Сутенерша, не переставая меня по-комсомольски уговаривать, удалилась со своим «товаром» только минут через пять. Я был поражен этим откровением греха, такого разнузданного и гадкого, в совсем молодых людях.
В начале девяностых юлианский календарь и проституция, столь долго запрещаемые властями, стали разводить русских людей по разным полюсам. Мои размышления об этом прервало еще одно воспоминание, когда я возвращался поздно вечером с радиостанции домой. В те времена я умудрялся работать сторожем, диджеем, преподавал в строительной академии и Духовном училище, в одиночку выпускал епархиальную газету. Поэтому и возвращался домой очень поздно. В этот раз я поймал такси. Таксист спросил меня:
– Ты, брат, не торопишься?
– Да не особенно.
– Ничего, если я по дороге в одно место загляну, договориться надо.

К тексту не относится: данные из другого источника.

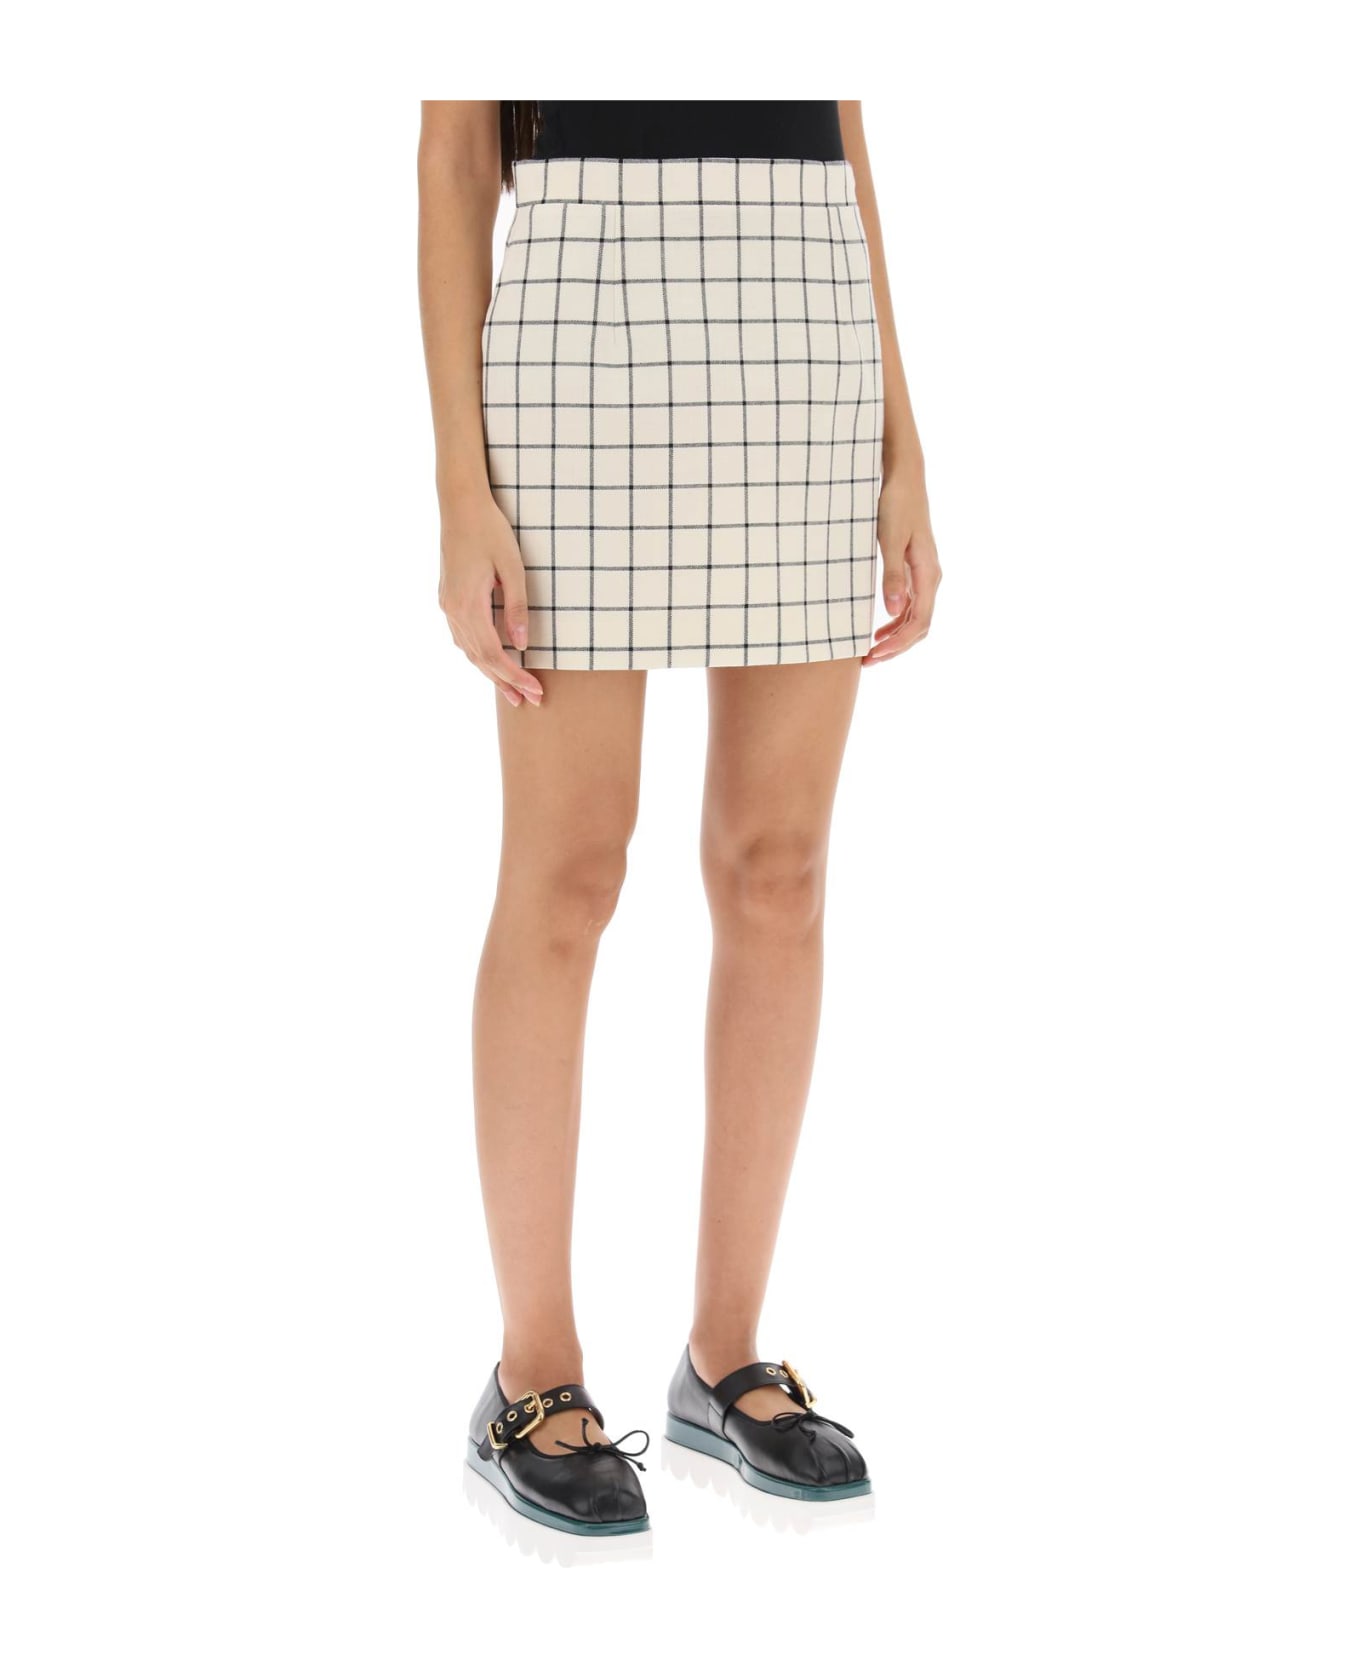 Marni Wool Check Skirt - Chw03 スカート

– Ничего, договаривайтесь.
И мы покатили по ночному заснеженному городу. На улице Геологоразведчиков он остановился, и к его машине с правой стороны подошла девушка. Она открыла дверь, и они стали переговариваться. Я вслушался и вдруг понял, что она проститутка, и они договариваются о цене. Наконец договорились, и она собралась было сесть в машину, но наклонилась, чтобы рассмотреть пассажира, и, увидев меня, громко вскрикнула и побежала.
– Стой, ты куда? Что случилось? Ведь мы договорились… – закричал таксист.
Он даже выскочил от удивления из машины. Потом повернулся ко мне:
– Ты ей что-то сказал?
– Да нет, вы извините, просто она моя студентка, я преподаю в строительной академии. У нее как раз завтра зачет по моему предмету. Она меня узнала и поэтому убежала.
Таксист незлобиво рассмеялся:
– Ну, брат, ты мне всю малину обломал.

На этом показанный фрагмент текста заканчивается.